Tripurantaka () or Tripurari and Pashupati is a manifestation of the Hindu god Shiva. In this aspect, Shiva is depicted  with four arms wielding a bow and arrow, but different from the Pinakapani murti. He holds an axe and a deer on the upper pair of his arms. In the lower pair of the arms, he holds a bow and an arrow respectively. After destroying Tripura, Tripurantaka Shiva smeared his forehead with three strokes of Ashes. This has become a prominent symbol of Shiva and is practiced even today by Shaivites.

Legend
Shiva as Tripurantaka is accredited with destroying three mythical cities of the asuras. Out of eight legends narrating Shiva's role as the destroyer of evil, the Tripura-samhara (Destruction of the three citadels) legend relates to the destruction of the three evil cities Tripura by Shiva.

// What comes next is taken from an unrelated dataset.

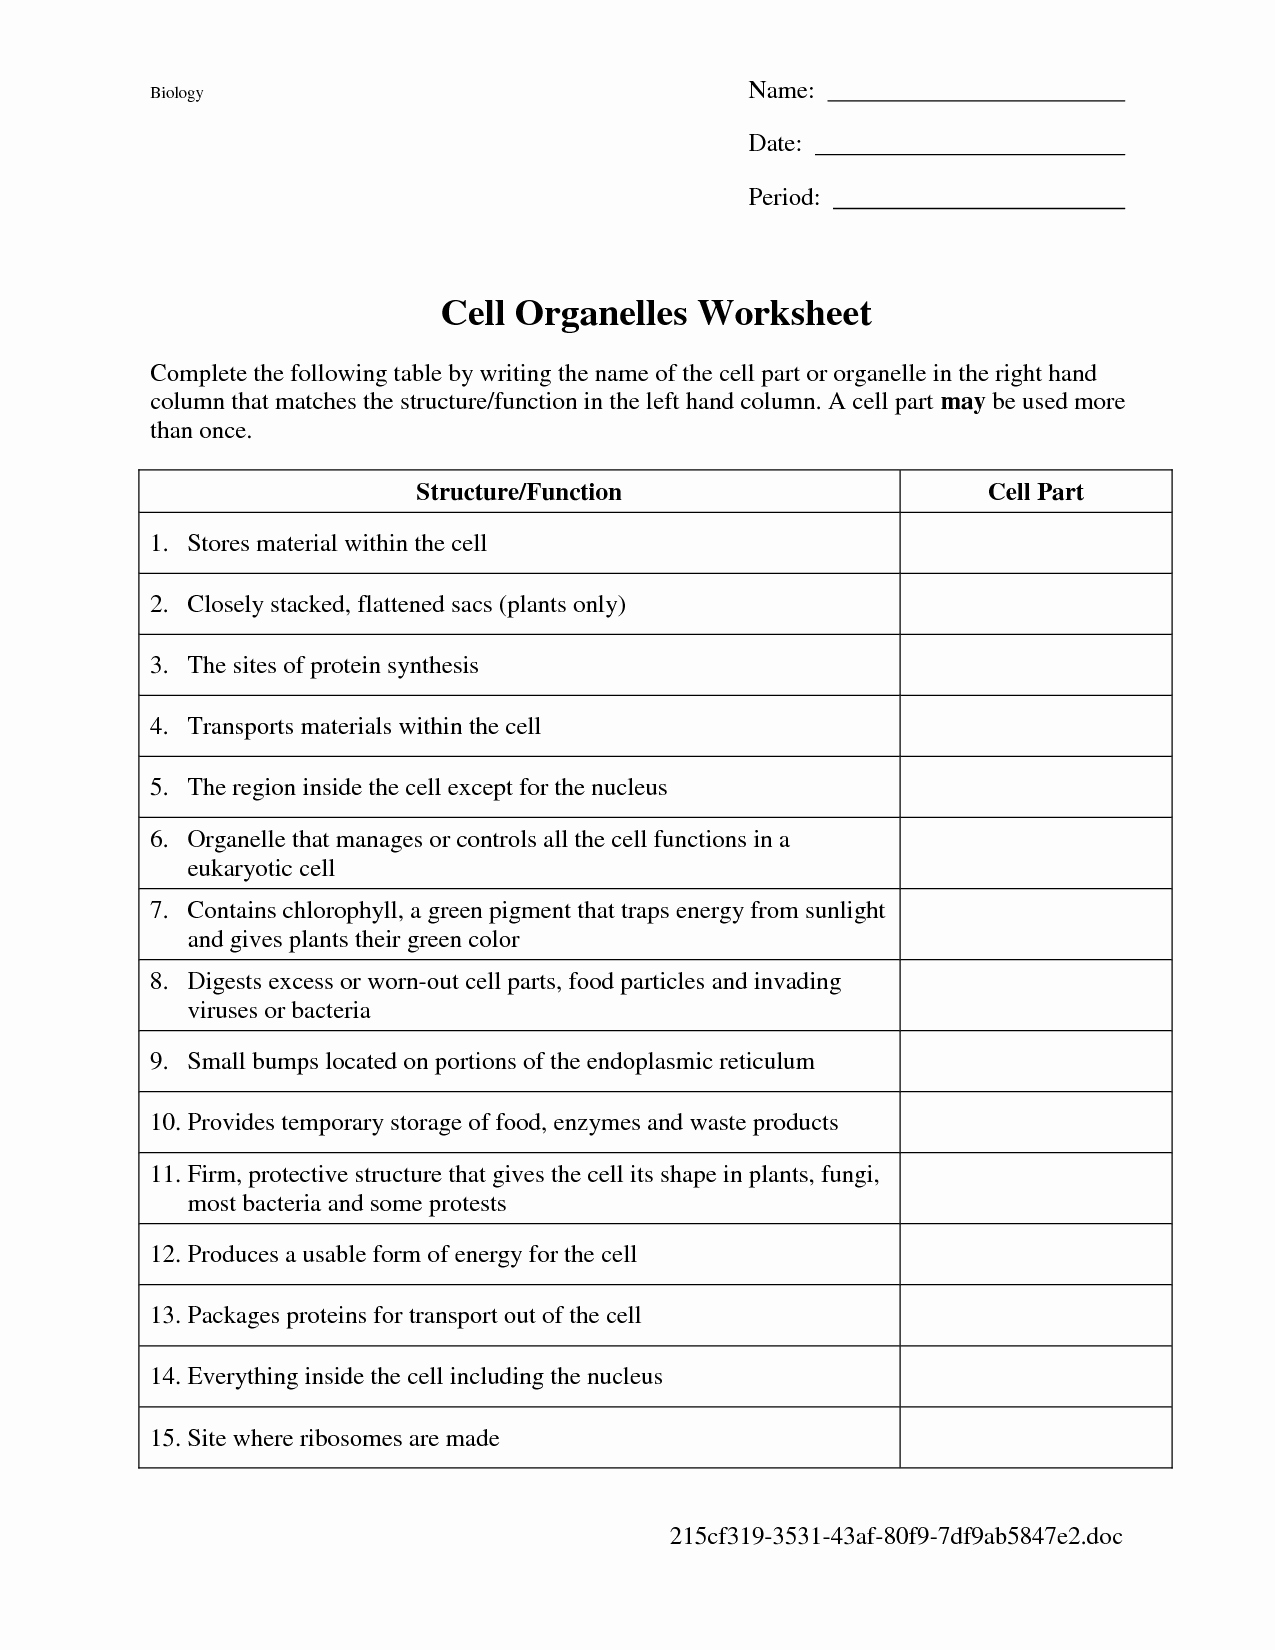 Cells and their organelles Worksheet Luxury 13 Best Of Function organelles Worksheet Cell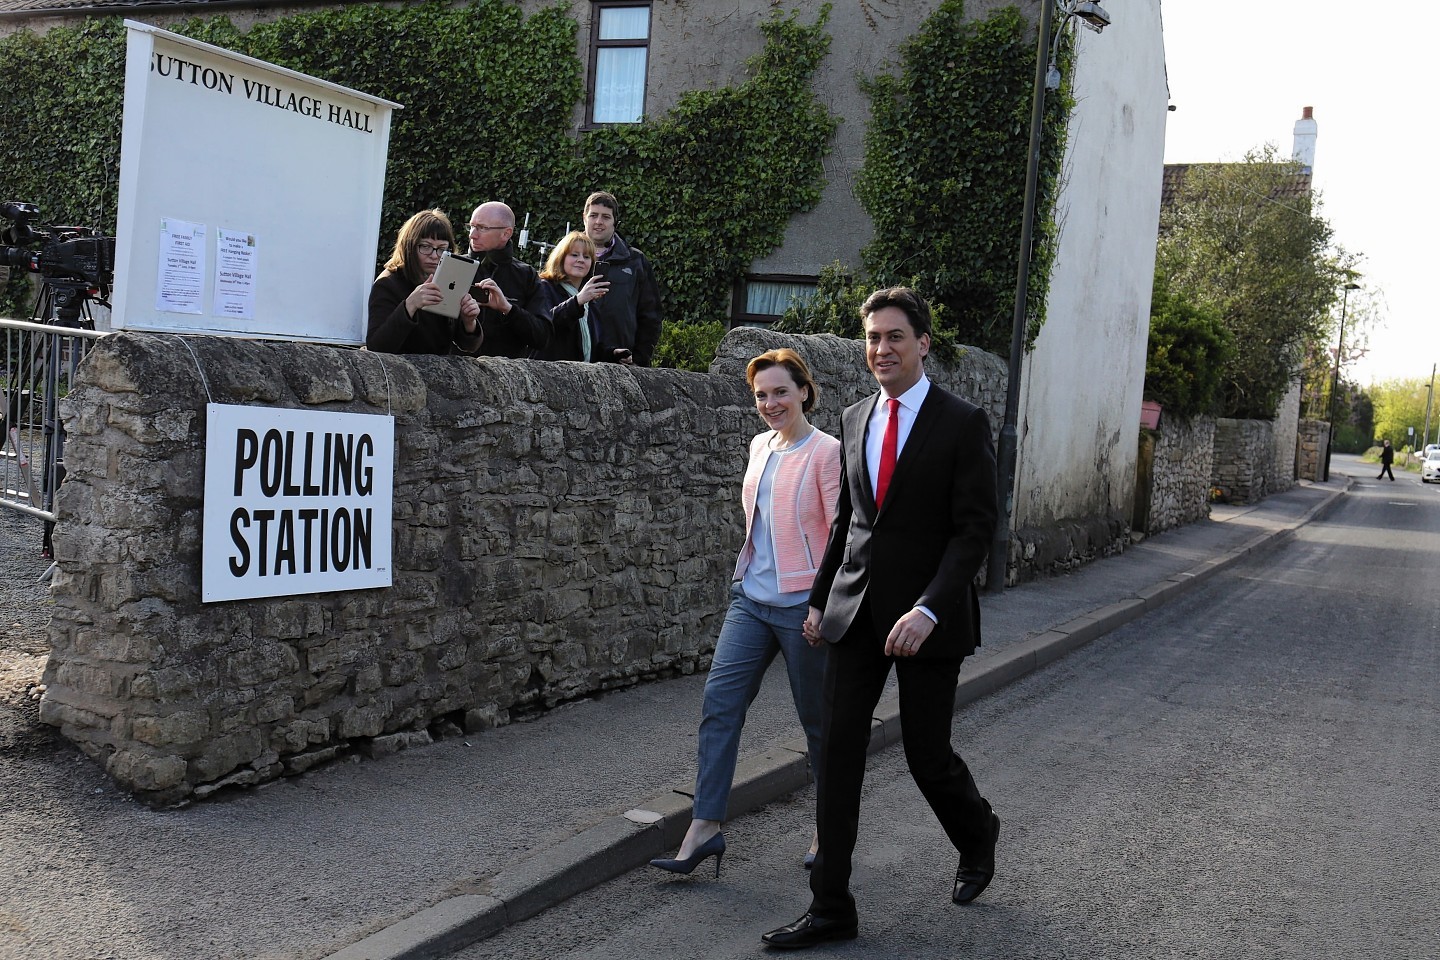 Labour Party leader Ed Miliband and his wife Justine arrive to cast their votes at Sutton village hall in Doncaster, as Britain goes to the ballot box today

The demon Taraka had three off-springs named Taarakaaksha, Kamalaaksha and Vidyunmaali. These demon princes performed severe penance towards the creator-god Brahma and obtained the boon of immense power. Brahma, on being pleased with them, presented each of them with an aerial city revolving in the sky.  The legend further states that these three cities or forts (Tripura) continued to revolve in the sky for hundreds of years. In the course of revolving, the three would converge very rarely. The boon granted them that they would live for a thousand years in the three invincible, moving cities  and that they would be destroyed only by an arrow that could merge the three forts into one, and set them to fire. The demons, armed with this boon, wreaked havoc on the universe. The asuras well-entrenched in their aerial cities would mount attacks on the devas (gods) and the rishis (sages), and harass them. Ultimately, the gods and the sages approached Shiva and pleaded for his assistance in removing this menace. Lord Shiva agreed to help them and waited for an opportune moment. 

At the end of the stipulated time period, Shiva created a bow and an arrow and a chariot with the various gods and goddesses and components of the universe. The moment the three aerial cities converged, Shiva mounted on his chariot and moved upwards. He took out his bow and arrow, and hit the converged cities with a single arrow. With Brahma as the charioteer, he sped across, and shot a single arrow of fire, which was created of none other than  Vishnu. The cosmic arrow destroyed the three cities.

The components of the Tripurantaka charge are as follow:
Chariot: Pritvi (The Earth)
Charioteer: Brahma
Chariot Wheels: Sun and Moon
Bow: Mount Meru
Bow String: Serpent Vasuki
Arrow: Vishnu

One version of the myth maintains that, finally when everything was ready for the Tripura invasion, the devas were proud that only with their help Shiva is going to destroy the Tripuras. But to the astonishment of all, Lord Shiva, didn't use any of the war machinery arranged by the Devas. Lord Shiva, instead smiled and in that smile the three purams were burned immediately. In fact, the Rudraksha appeared from the three eyes of Shiva during tripurasamhAra. The pride and thought of devas that without their help the God would not have been able to destroy the tripuras was proved wrong. Shocked at this act, Brahma pleaded that Devas thought wrong and that Shiva should forgive and release the arrow, or else the Devas would have a permanent bad name and the reason behind making this chariot would become meaningless. Shiva then fired the arrow on the already burning Cities. 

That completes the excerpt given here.